Sony Reader and Adobe PDF

There has been quite a bit of speculation on the nature of the PDF support in the Sony Reader PRS-500 product announced by Sony at CES. To clarify, the Sony Reader supports true Adobe PDF via Adobe software. This is an extension of an previously announced partnership that has delivered PDF support into several Sony consumer electronics products, including a car navigation system.
Adobe has developed a profile of PDF for consumer devices and mobile handset platforms (such as Nokia Series 60 and NTT DoCoMo FOMA). Because its implementation is optimized for limited resource devices and consumption-oriented use cases appropriate for smaller screens, our mobile PDF profile omits a number of features from the complete PDF 1.6 specification that is implemented by Adobe Reader 7.x for desktop operating systems.
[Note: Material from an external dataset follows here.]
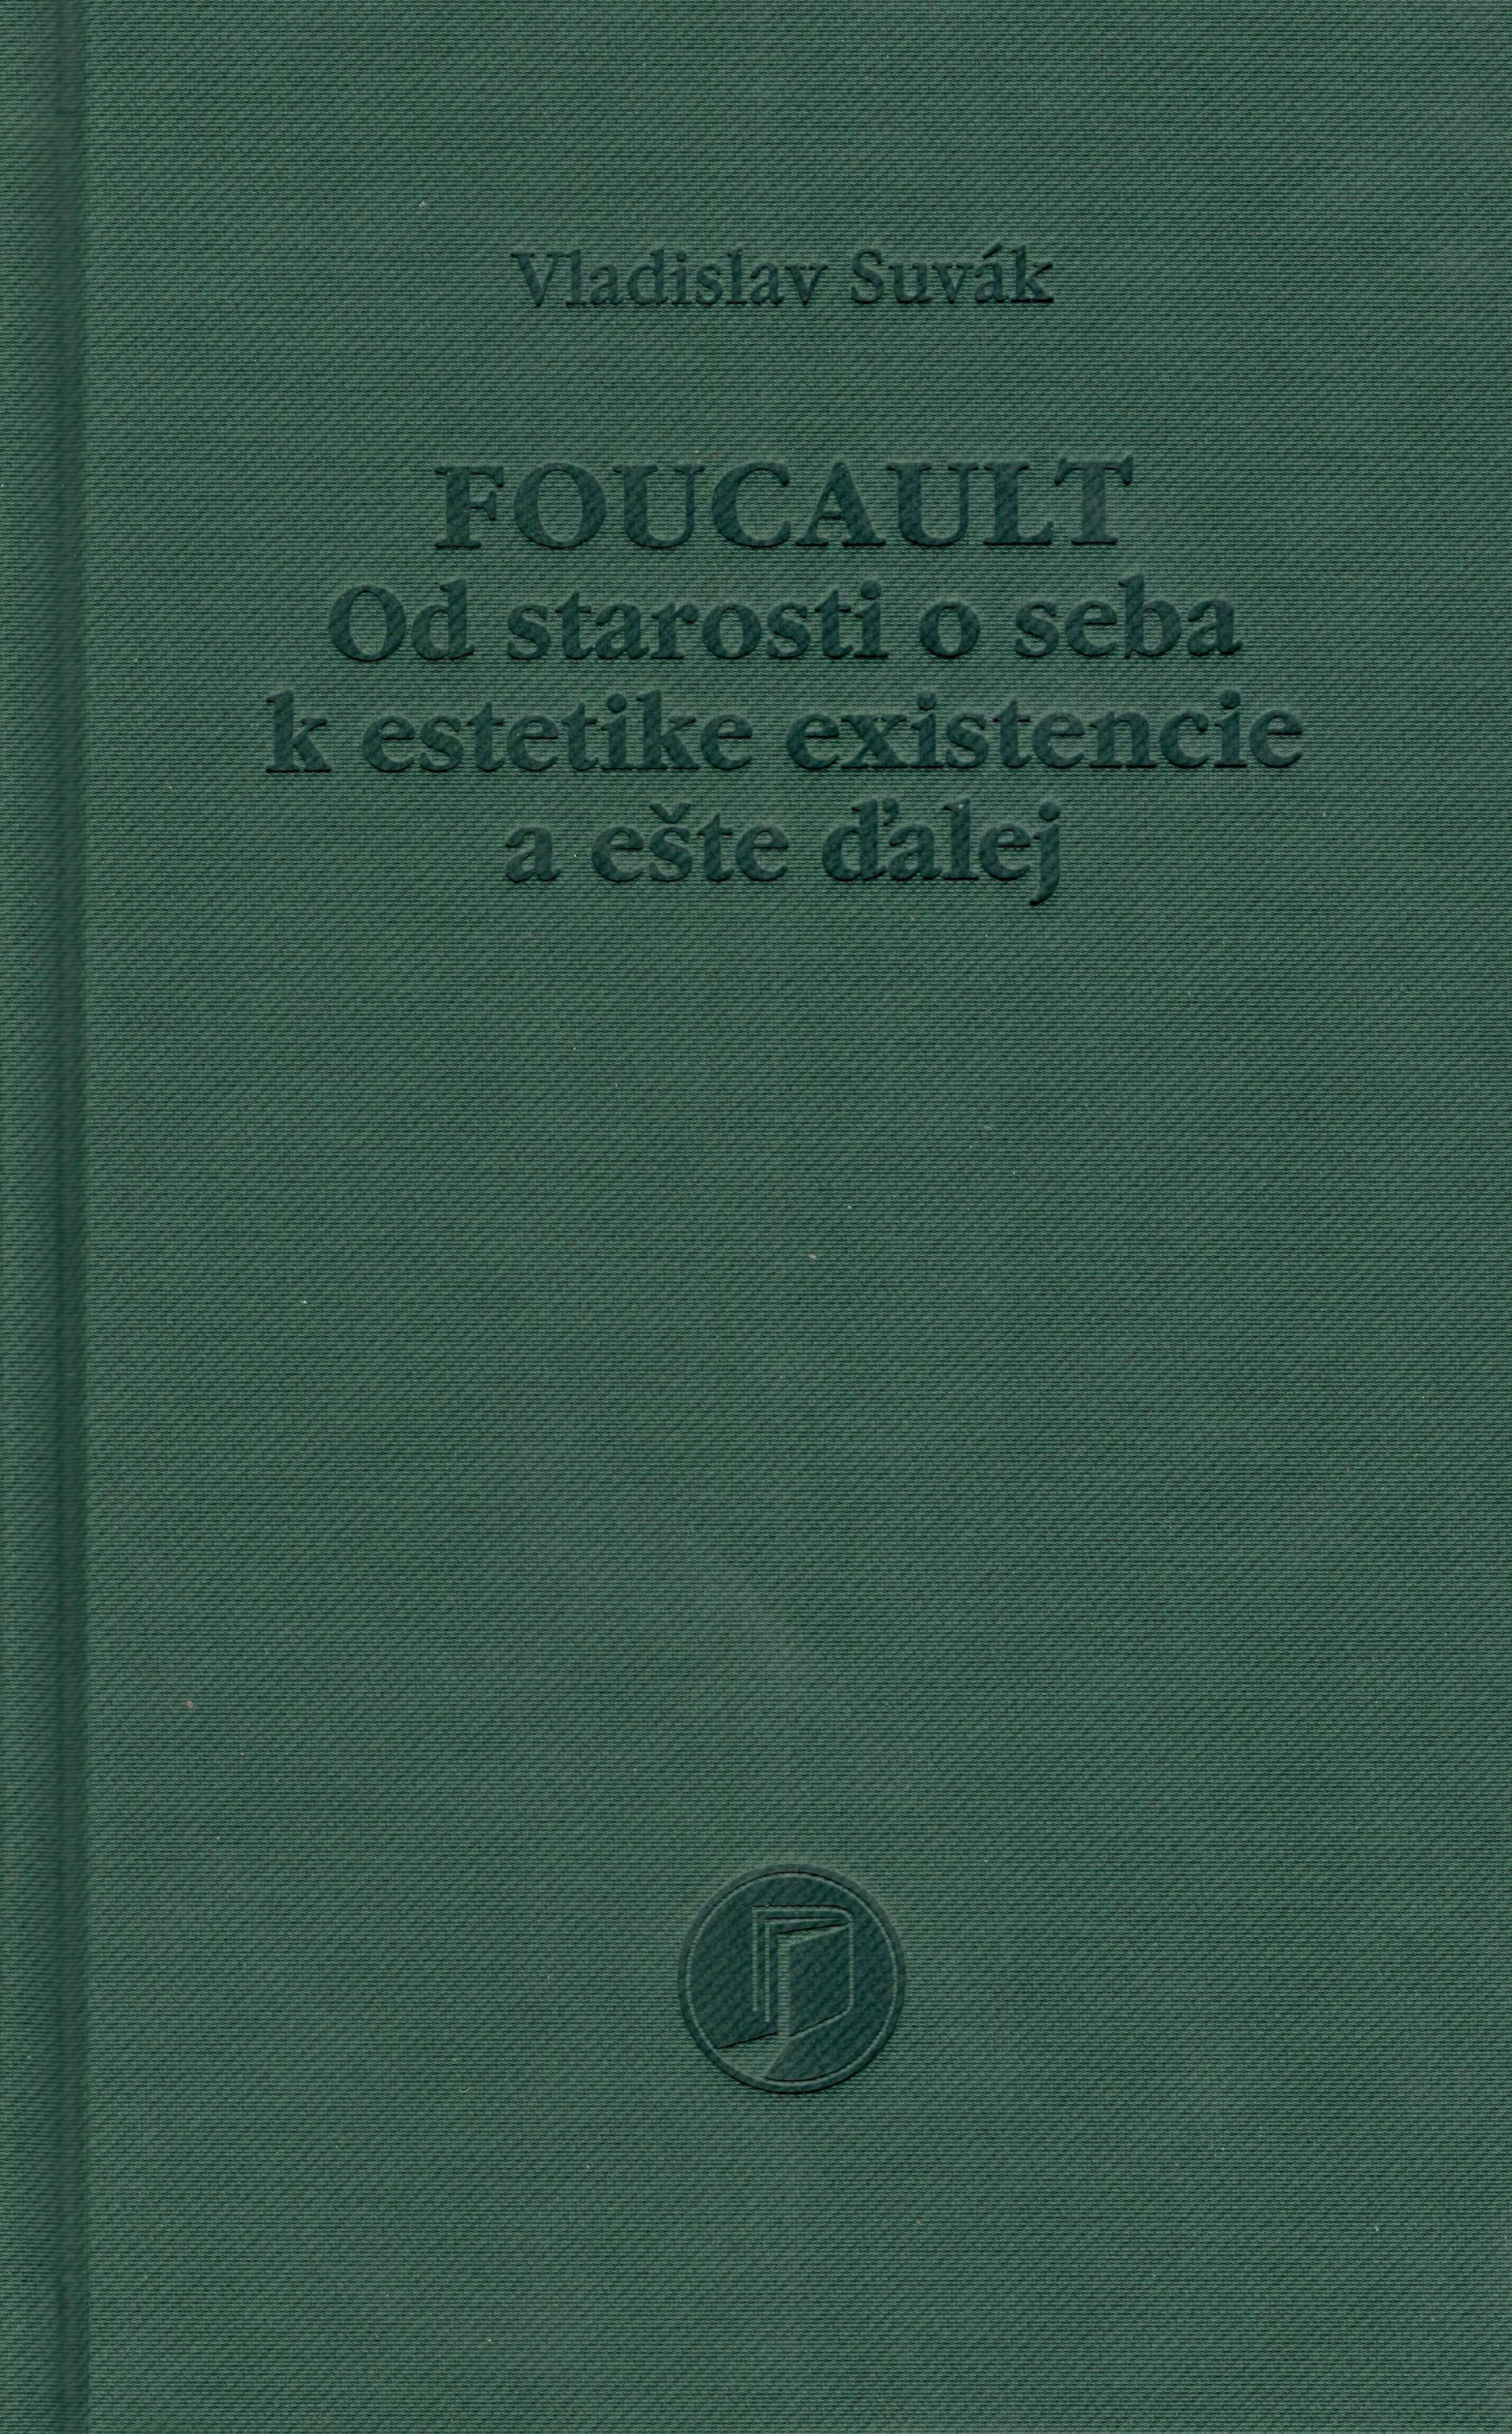 Foucault. Od starosti o seba k estetike existencie a ešte ďalej

For example, at this time neither of the document protection (DRM) technologies incorporated into Reader 7.x (that support Adobe Content Server and Adobe Policy Server) are implemented in our device-oriented PDF software. Although it predates it, our current mobile profile turns out to be well-aligned with the recently finalized ISO 19005 standard, aka PDF/A.
I expect the Sony PRS product line to be a great success. More on this soon.